→ Task instructions:
For the material below, reproduce exactly each line from the one that has "15.20 CTW Oval" through the one that has "Pastel colored bows", and no others; pictures stay out.

→ Records for the exercise:
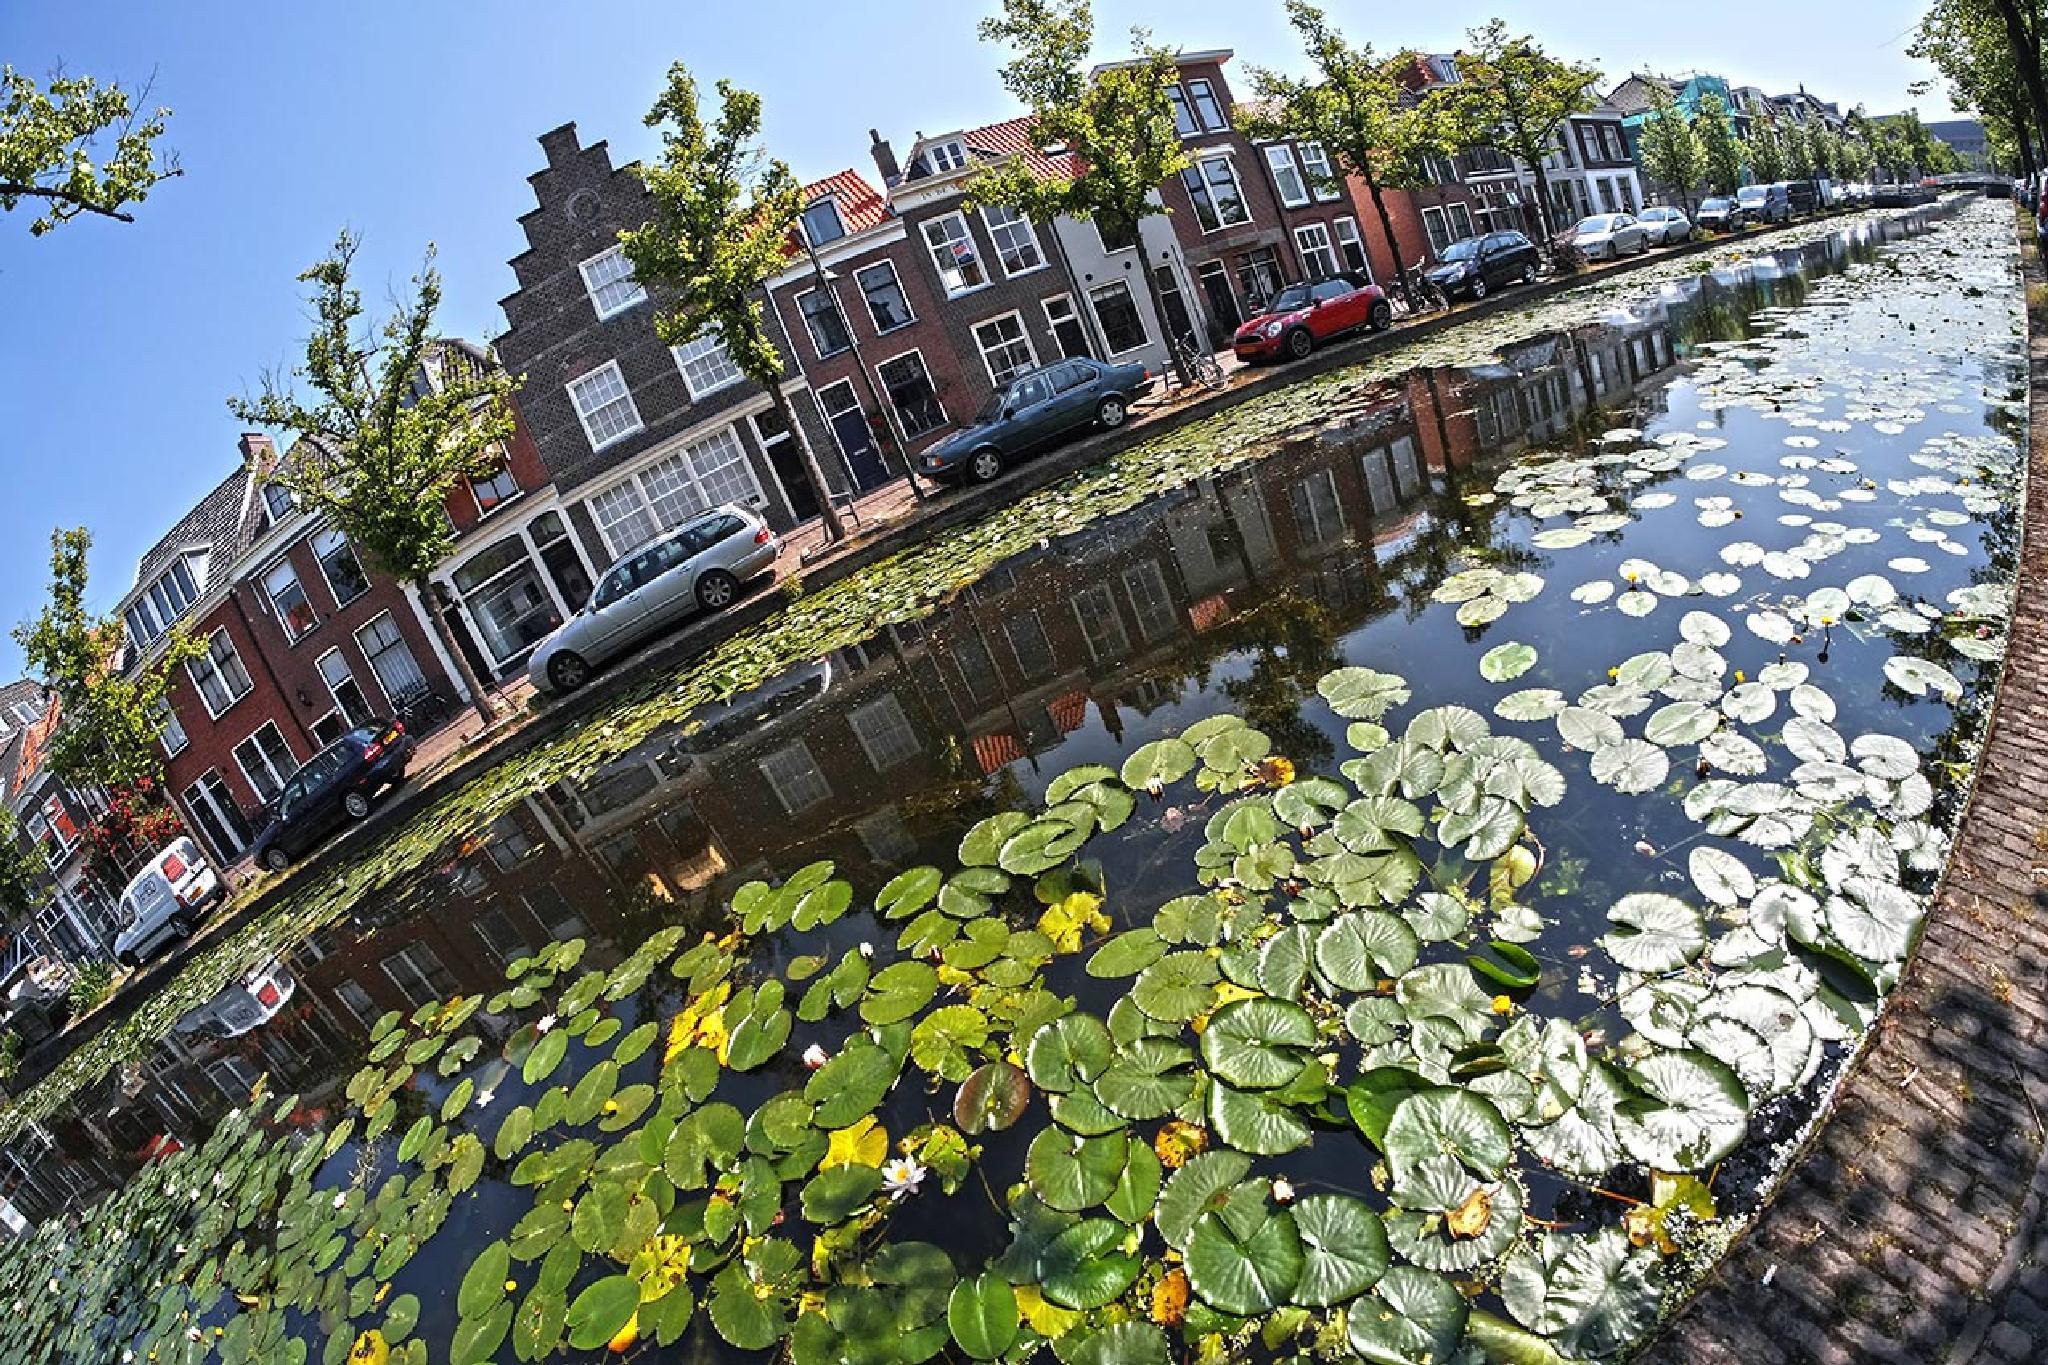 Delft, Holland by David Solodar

* * *

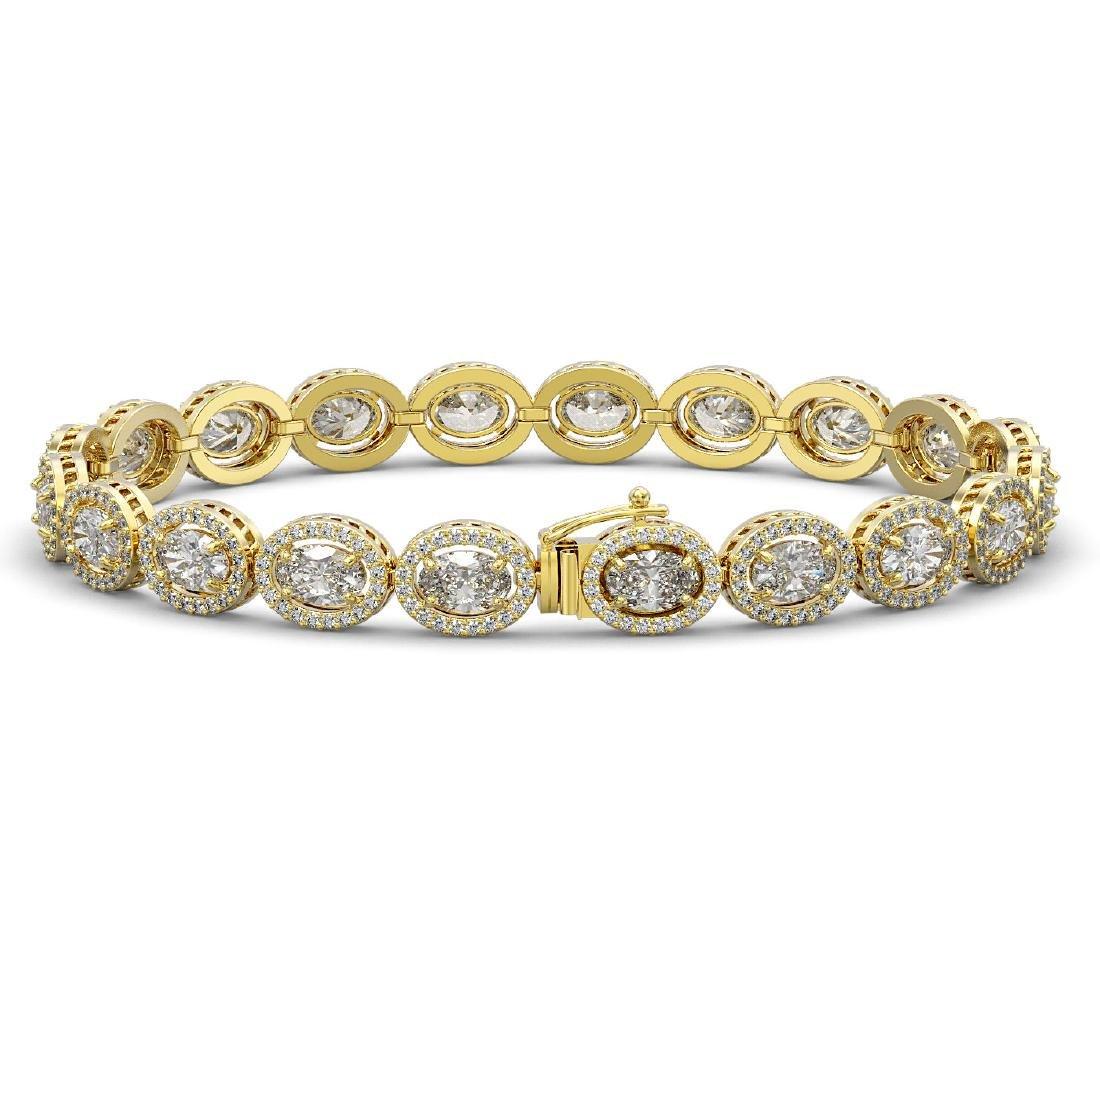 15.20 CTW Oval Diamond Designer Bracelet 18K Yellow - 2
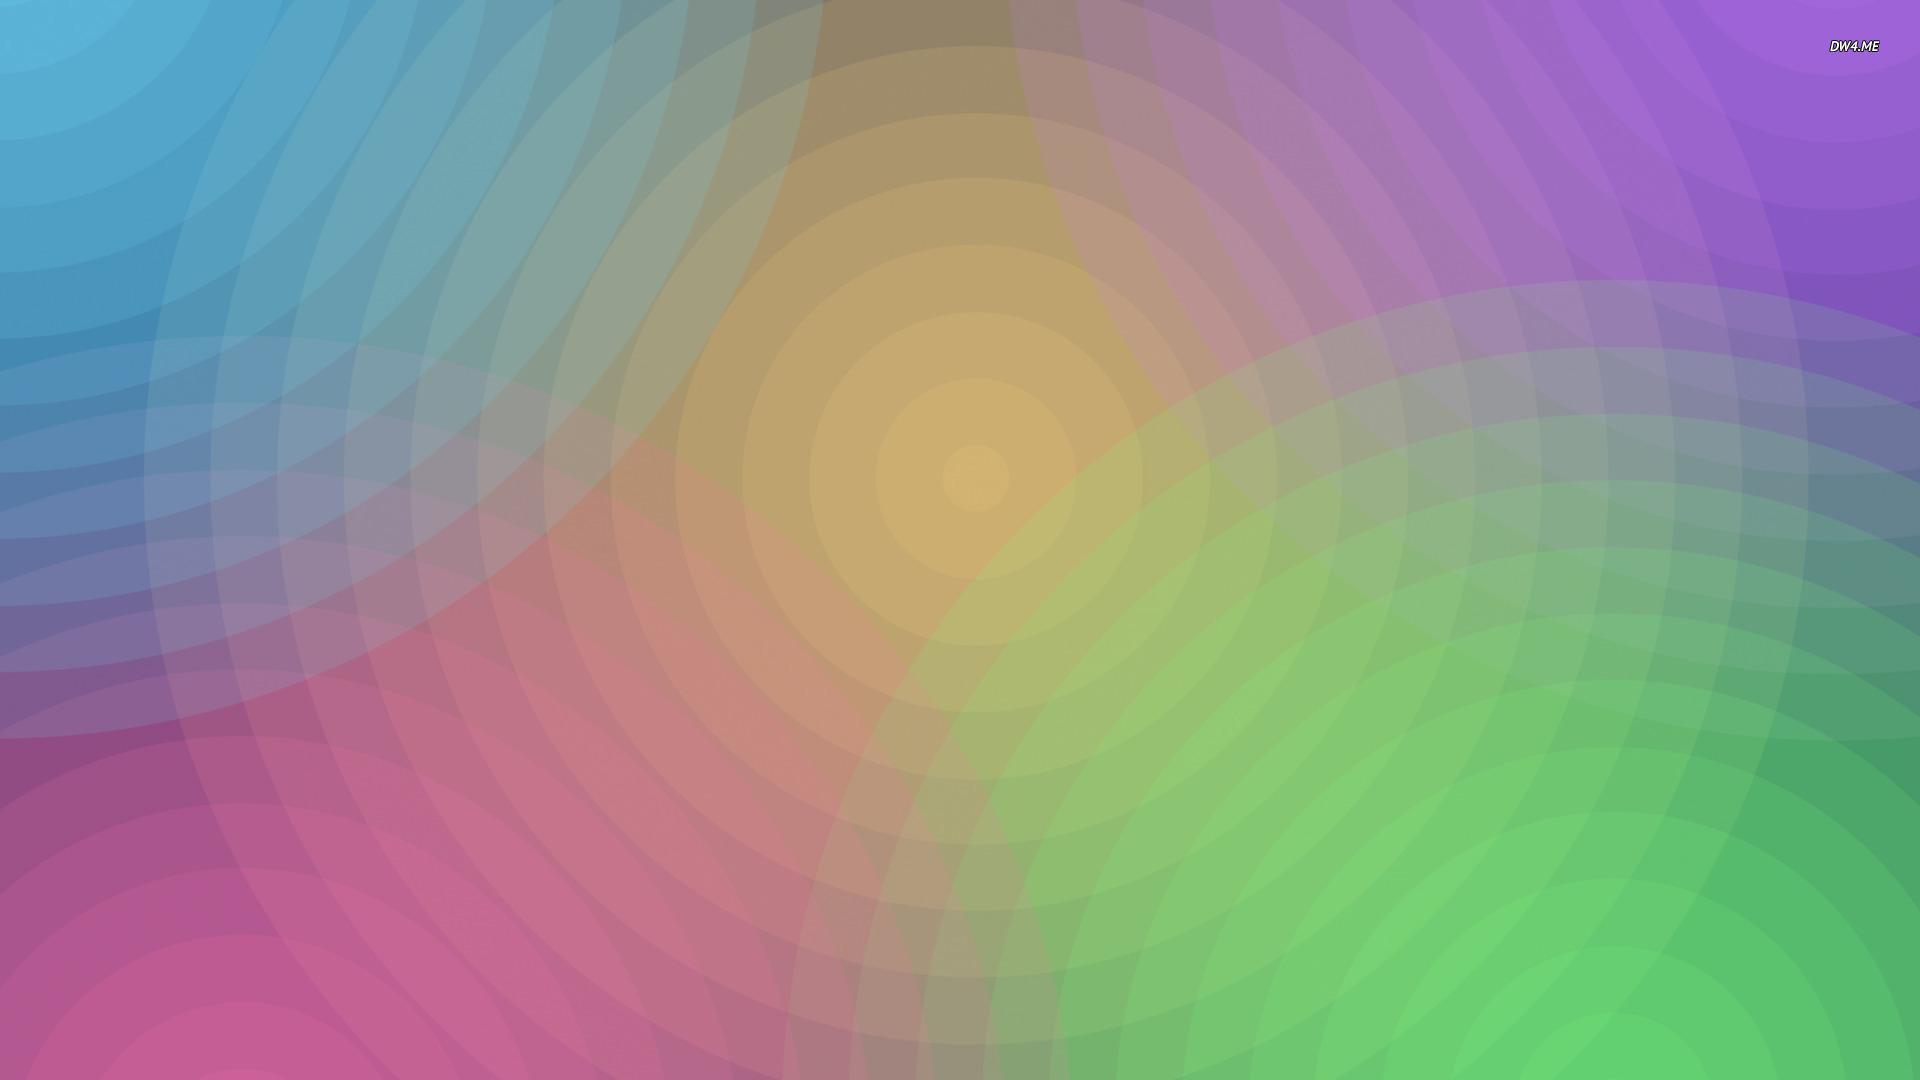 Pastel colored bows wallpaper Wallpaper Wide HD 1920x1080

→ Response for this exercise:
 15.20 CTW Oval Diamond Designer Bracelet 18K Yellow - 2
 Pastel colored bows wallpaper Wallpaper Wide HD 1920x1080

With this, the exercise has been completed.